Image Analysis with Motion (w/o Optional Input)
A digital painting illustration of an anime pale girl with short white hair decorated with a dark rose on her head and dark angel wings behind her back. She has a red halo with spikes floating above her head. She wears a long black dress with gold trim, a gold bracelet, and long black gloves, revealing a white tattoo on her leg. She holds out her hand, with a gold ring on her finger, as she prepares to cast a spell, her fingers slightly curved and radiating a faint glow. The background is a dark gradient of black and red tones with red energy lines. A full shot from a medium perspective.
Prompts with Motion (w/o optional input)
Prompts with Motion (with optional input)
Base Prompts (Analysis Results)
*The output is more significantly affected by the motion LoRA due to the simplified prompt.
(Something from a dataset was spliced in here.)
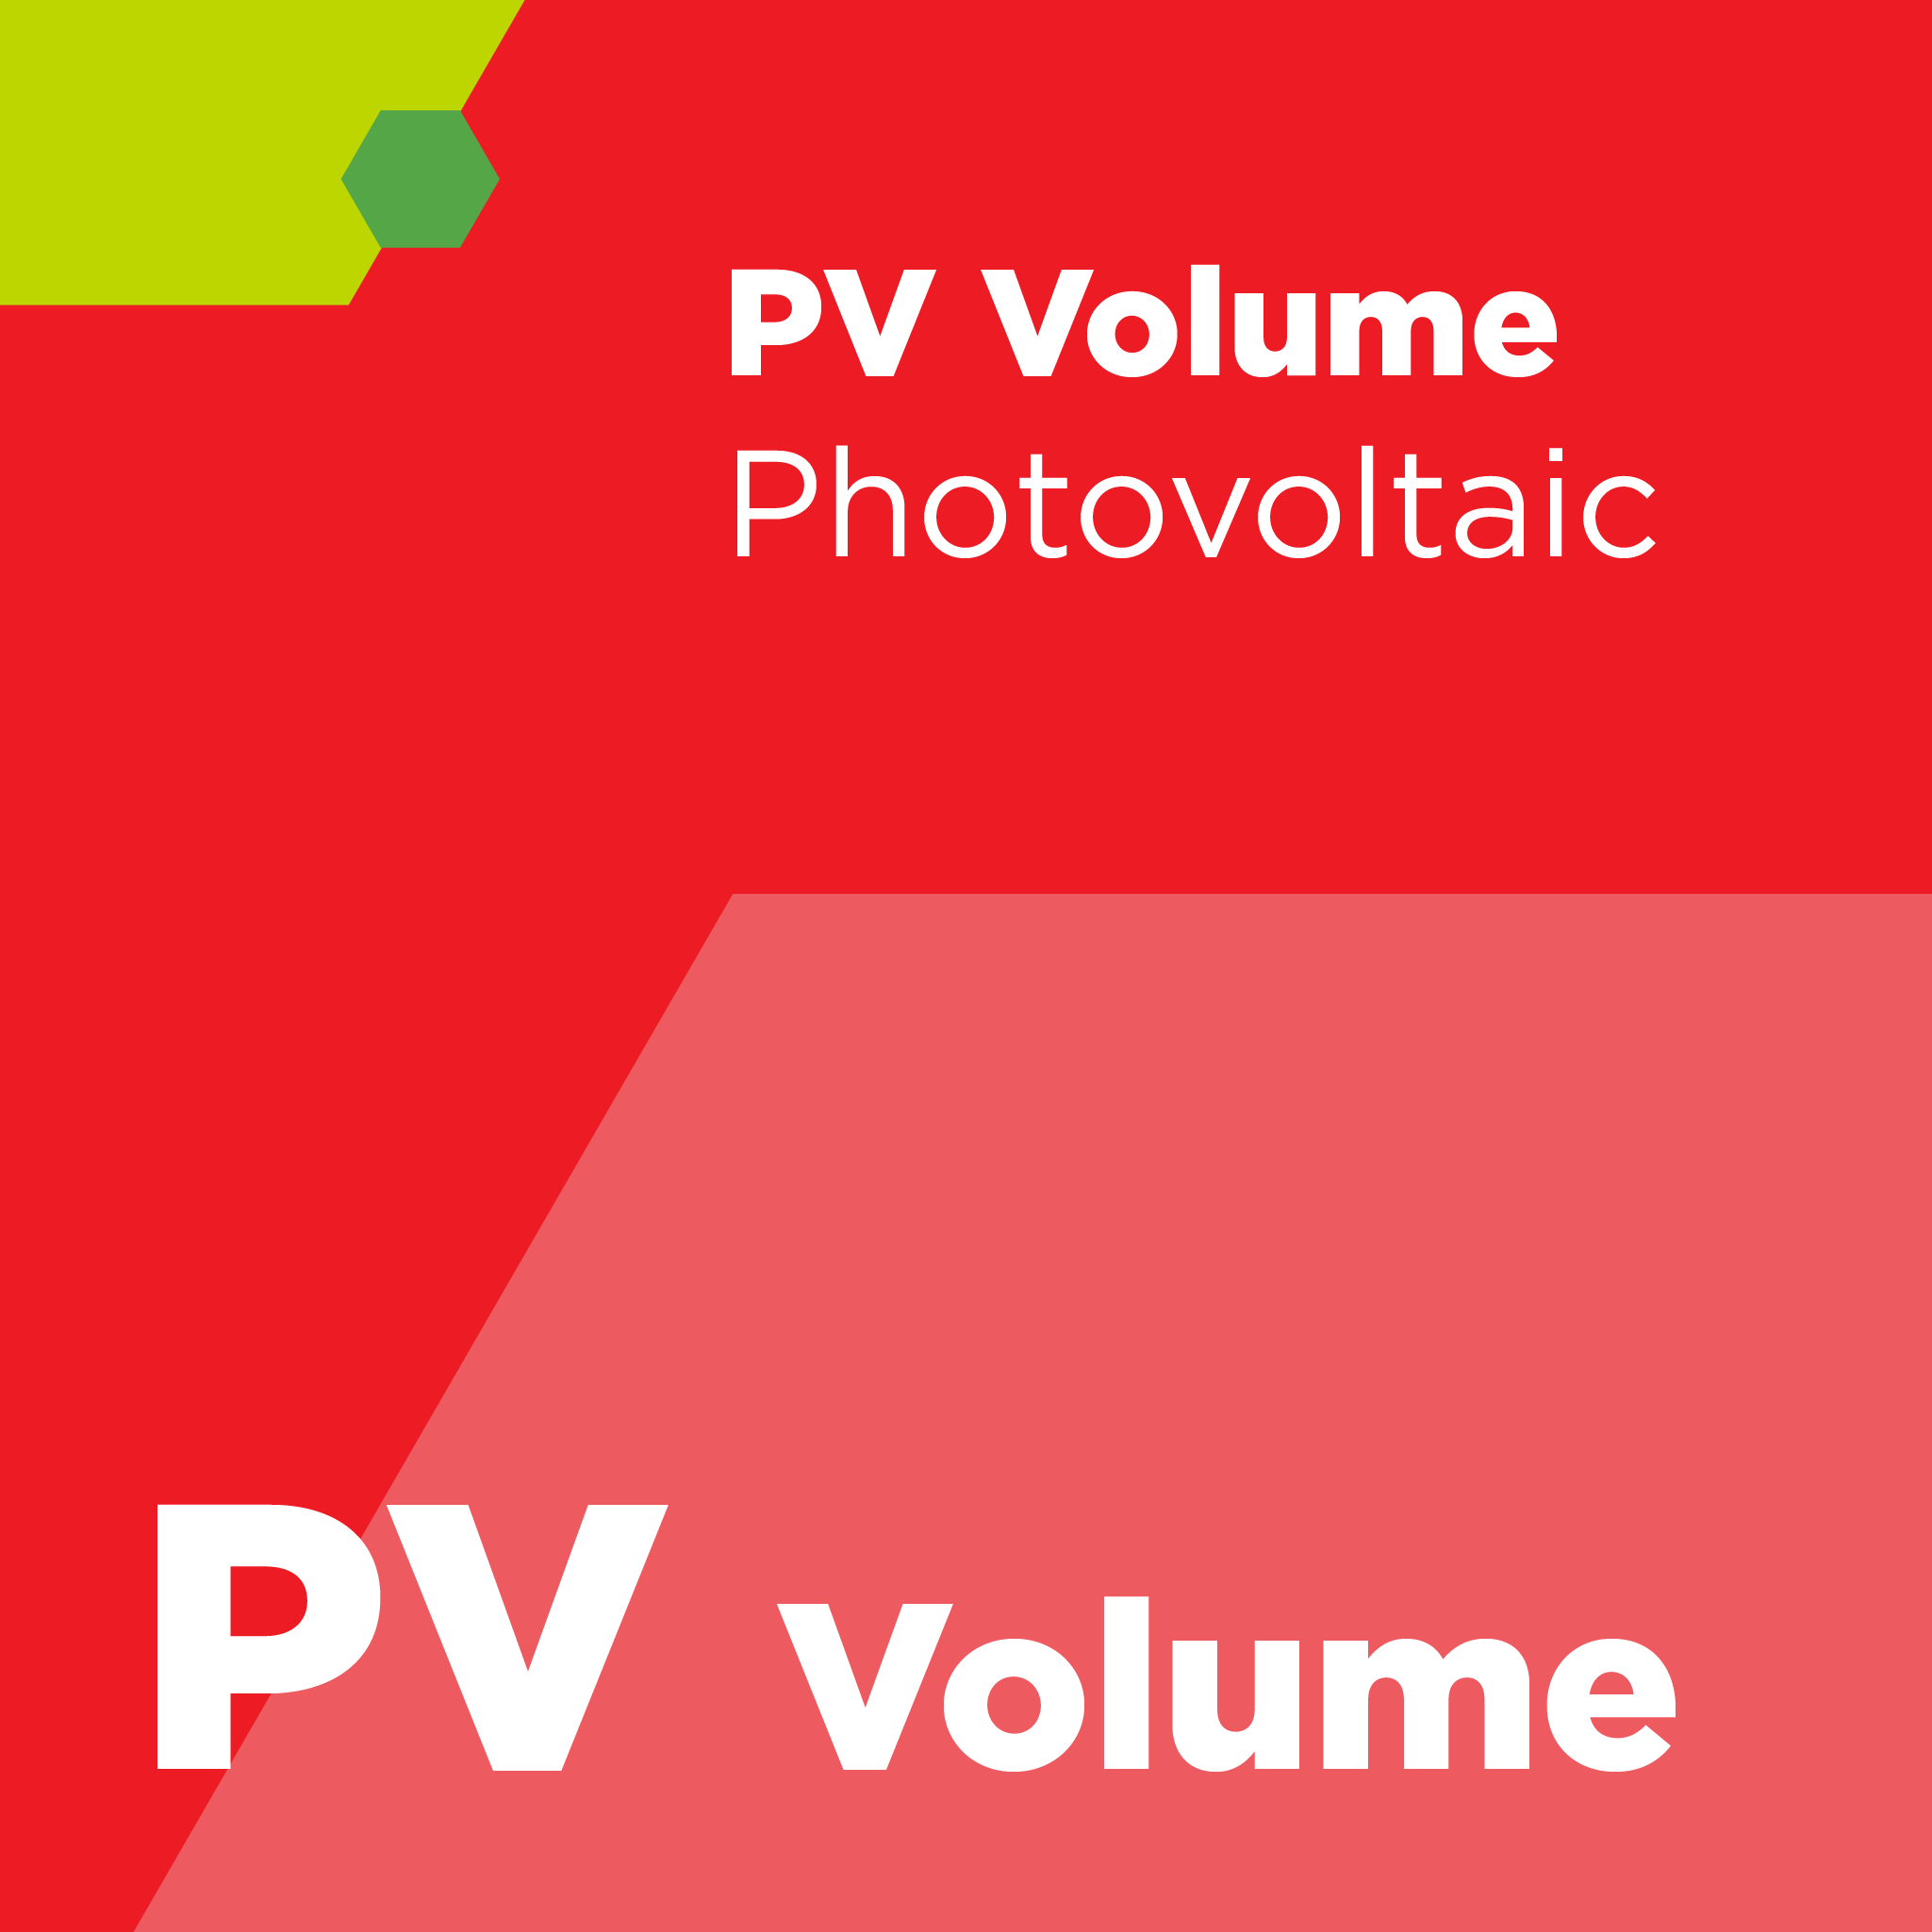 PV05700 - SEMI PV57 - Test Method For Current-Voltage (I-V) Performance Measurement of Organic Photovoltaic (OPV) and Dye-Sensitized Solar Cell (DSSC) and Perovskite Solar Cell (PSC)

Test Generation (for i2v start-end frame_Beta+)
Test setting
workflow default setting (480p model)
[Start Image]
An anime-style full body shot of a young girl with snow-white hair pulled into two pigtails tied with red ribbons. Her fair skin is complemented by her fully open, bright red eyes and a cheerful smile. She wears a traditional Japanese miko outfit, consisting of a white top with red accents and a matching red skirt, complete with decorative knots and a large bow. Her right hand is raised in a waving gesture. The background features a vividly colored Shinto shrine with red pillars and traditional lanterns, creating a festive atmosphere with stone pavement. A medium shot captures the scene.
[End Image]
An anime-style digital painting of a girl with fair skin and a slight smile with closed eyes, standing in front of a Shinto shrine. She has long, white hair styled in low pigtails adorned with red ribbons. Her traditional red and white "miko" outfit includes a "chihaya" top with red and white trim, and a matching red "hakama" skirt, accented by a bold red bow. She stands with her hands on her hips, exuding calm and confidence. The background features a traditional Japanese Shinto shrine with red pillars, a dark tiled roof, and hanging lanterns, with blurred figures in the distance. A medium shot captures the full composition of the scene.
[Final Prompts]
An anime-style video prompt portraying a young girl in a traditional Japanese miko outfit transitioning smoothly from a cheerful greeting to a state of serene contemplation. Initially, the girl stands with a bright, open smile and waving right hand, her snow-white hair in pigtails tied with red ribbons, set against a vividly colored Shinto shrine with red pillars and festive lanterns. Gradually, her waving hand lowers gently as her expression softens into a slight smile, and her eyes close serenely. She then places both hands on her hips, exuding calm confidence. Throughout the transition, the background remains a detailed Shinto shrine with red pillars, a dark tiled roof, and hanging lanterns, with blurred figures adding depth. The camera remains fixed in a medium shot, capturing the nuanced changes in expression and posture as she gracefully shifts from an active, welcoming pose to a peaceful, contemplative one.